▶ _TASK DIRECTIONS_:
Nothing but the lines from the one containing "Фото Владимира Коцюбы-Белых" through the last line of the data below should be returned, each exactly as it stands, pictures excluded.

▶ _RECORDED DATA_:
▼
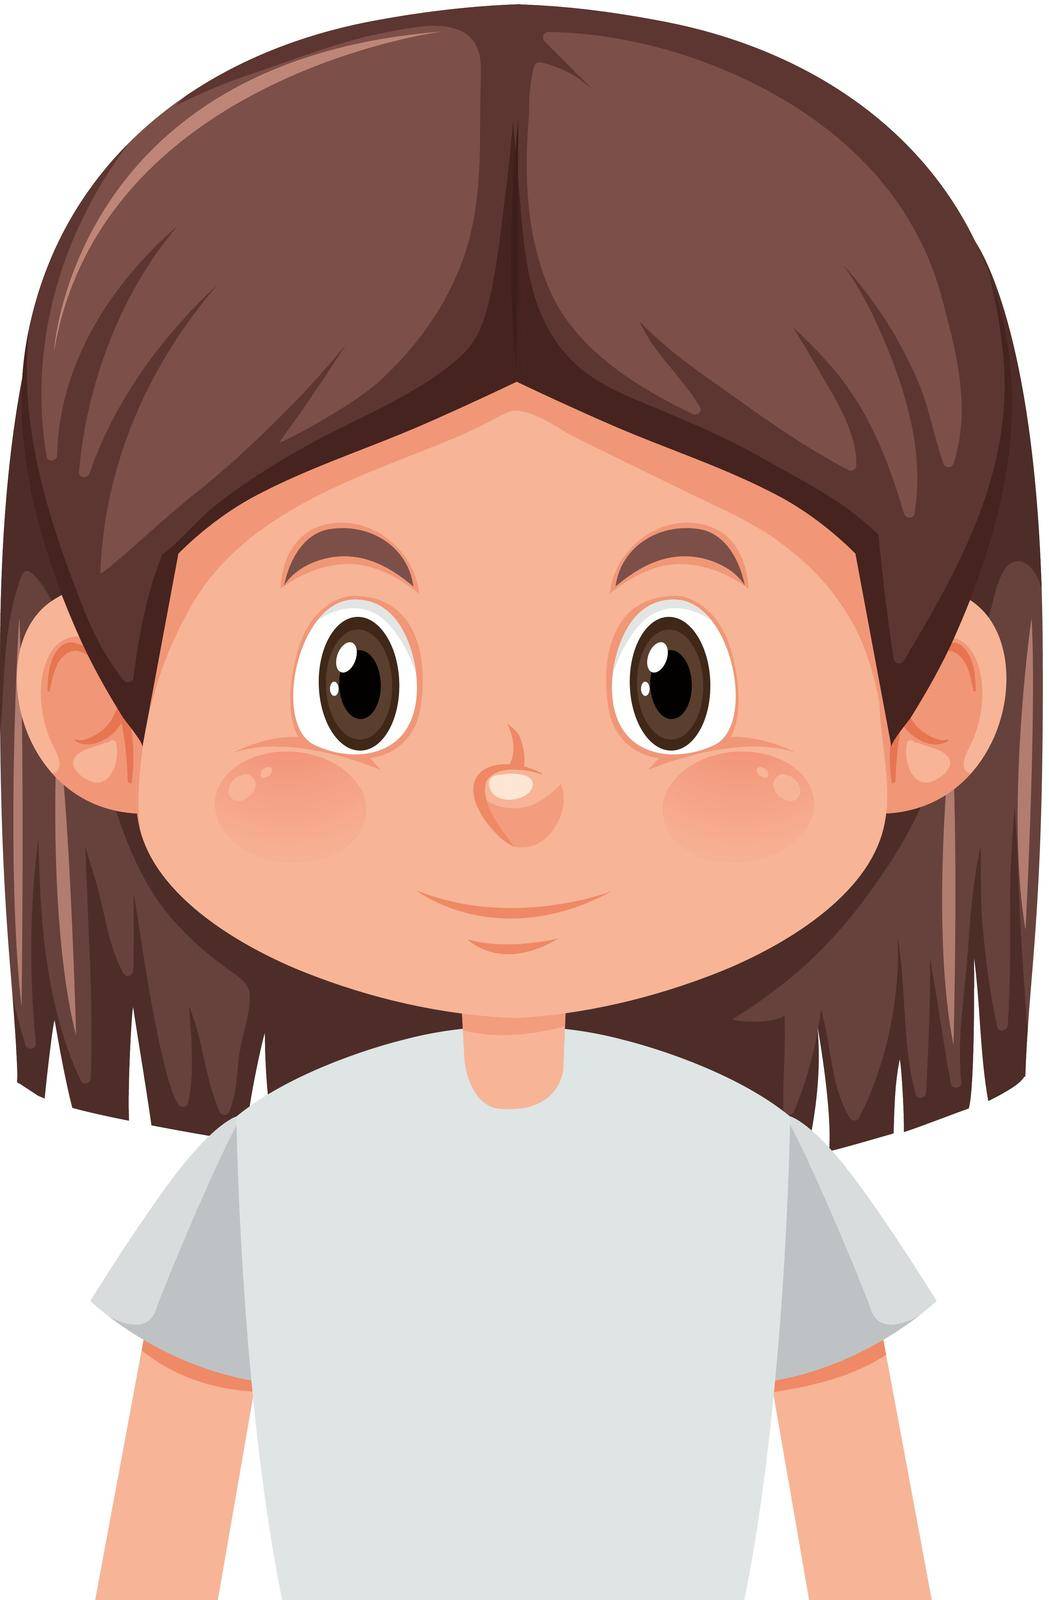 A brunette girl character illustration
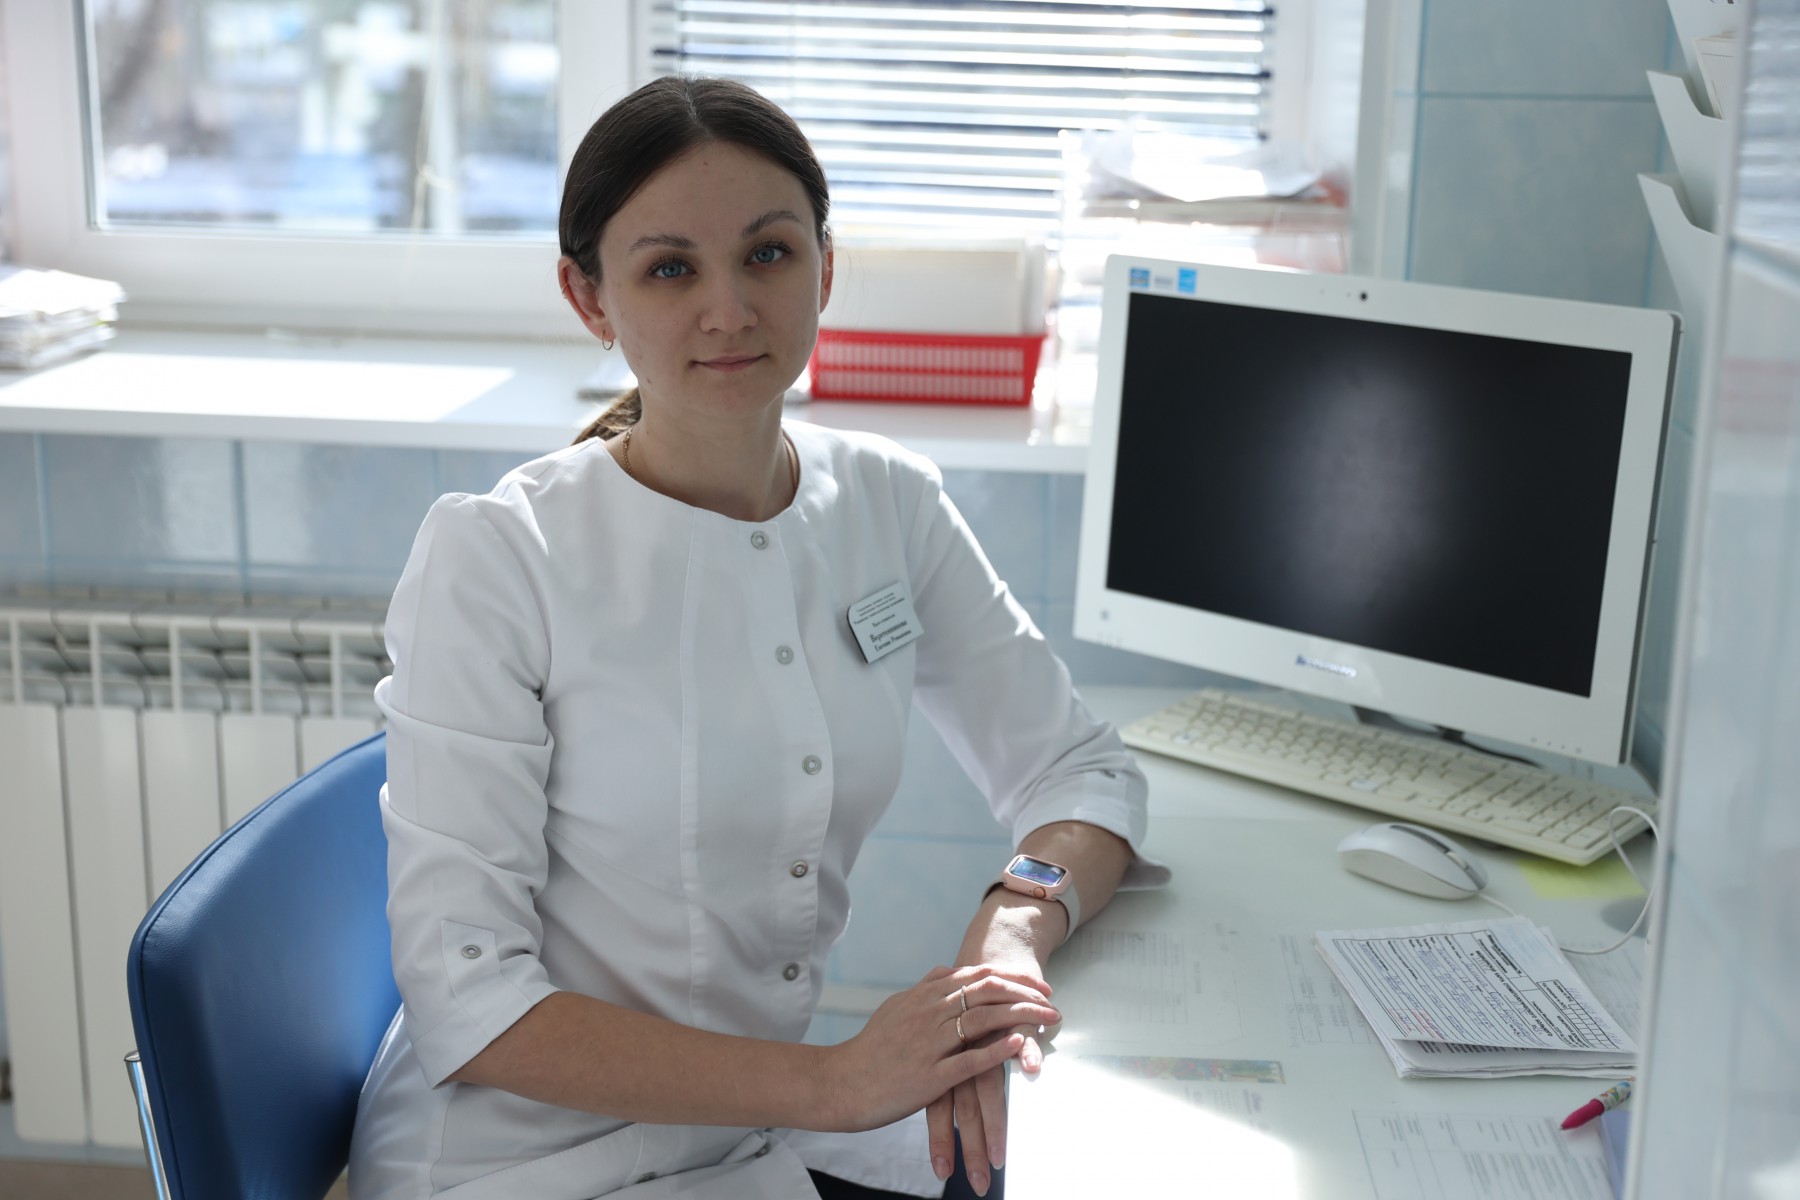 Евгения Веретенникова: «Я всегда хотела быть стоматологом». Фото Владимира Коцюбы-Белых
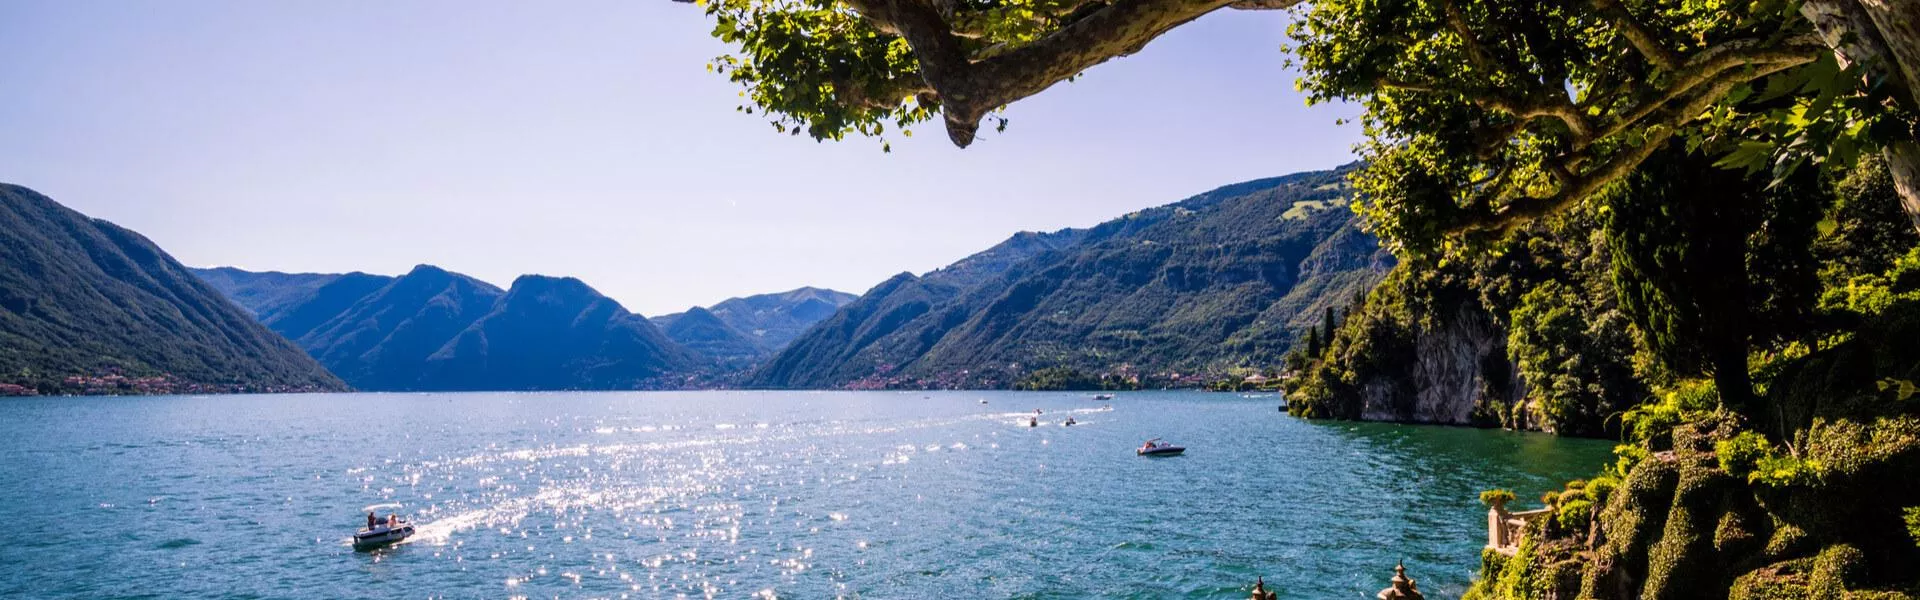 Campings zoeken aan een van de Italiaanse meren
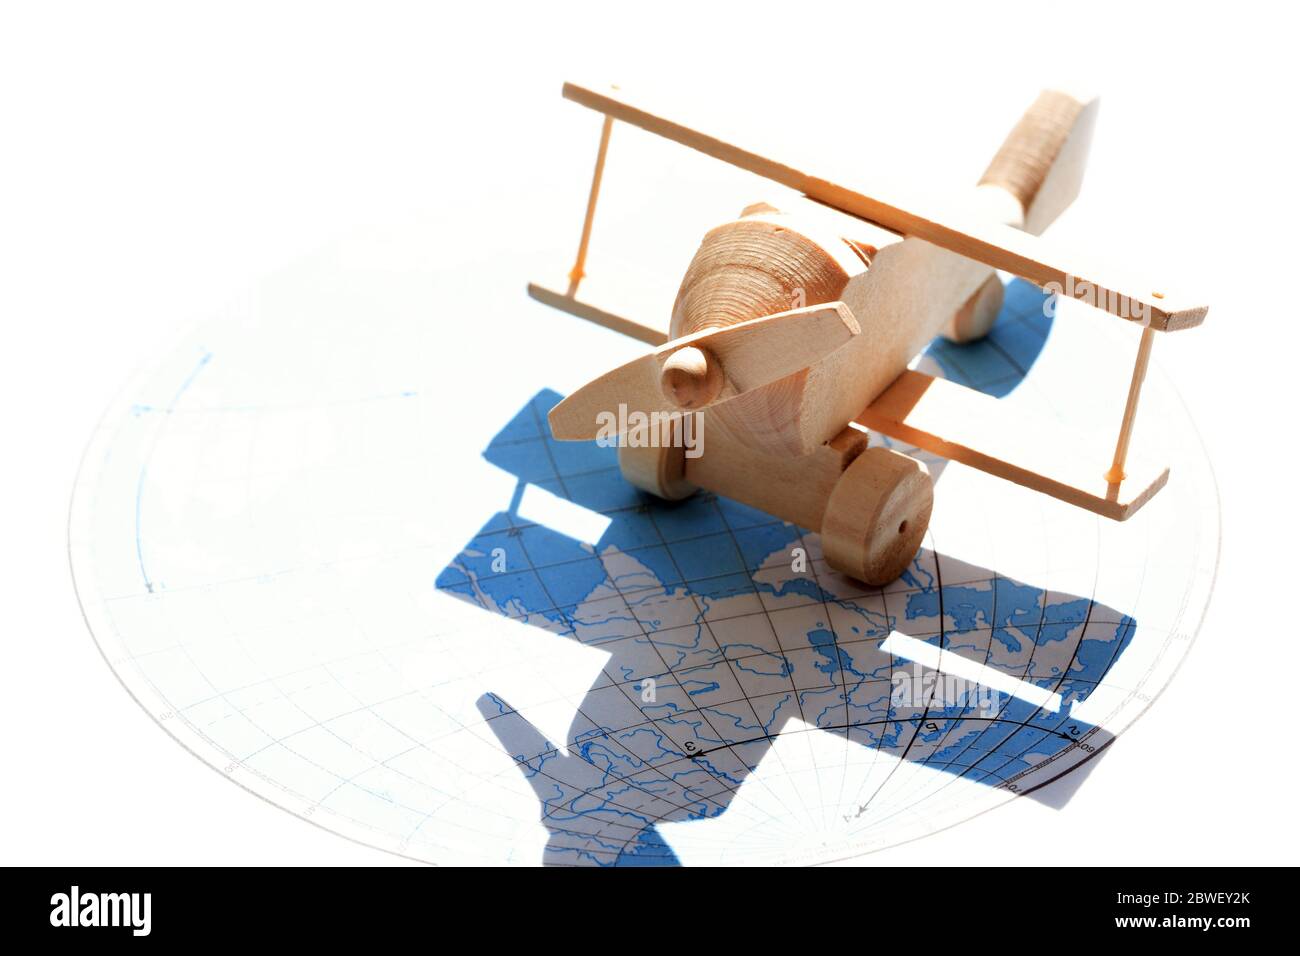 Concetto di viaggio. Piccolo aeroplano di legno contro la luce solare con mappa come ombra Foto Stock
▲
▶ _FINISHED TASK_:
 Евгения Веретенникова: «Я всегда хотела быть стоматологом». Фото Владимира Коцюбы-Белых
 Campings zoeken aan een van de Italiaanse meren
 Concetto di viaggio. Piccolo aeroplano di legno contro la luce solare con mappa come ombra Foto Stock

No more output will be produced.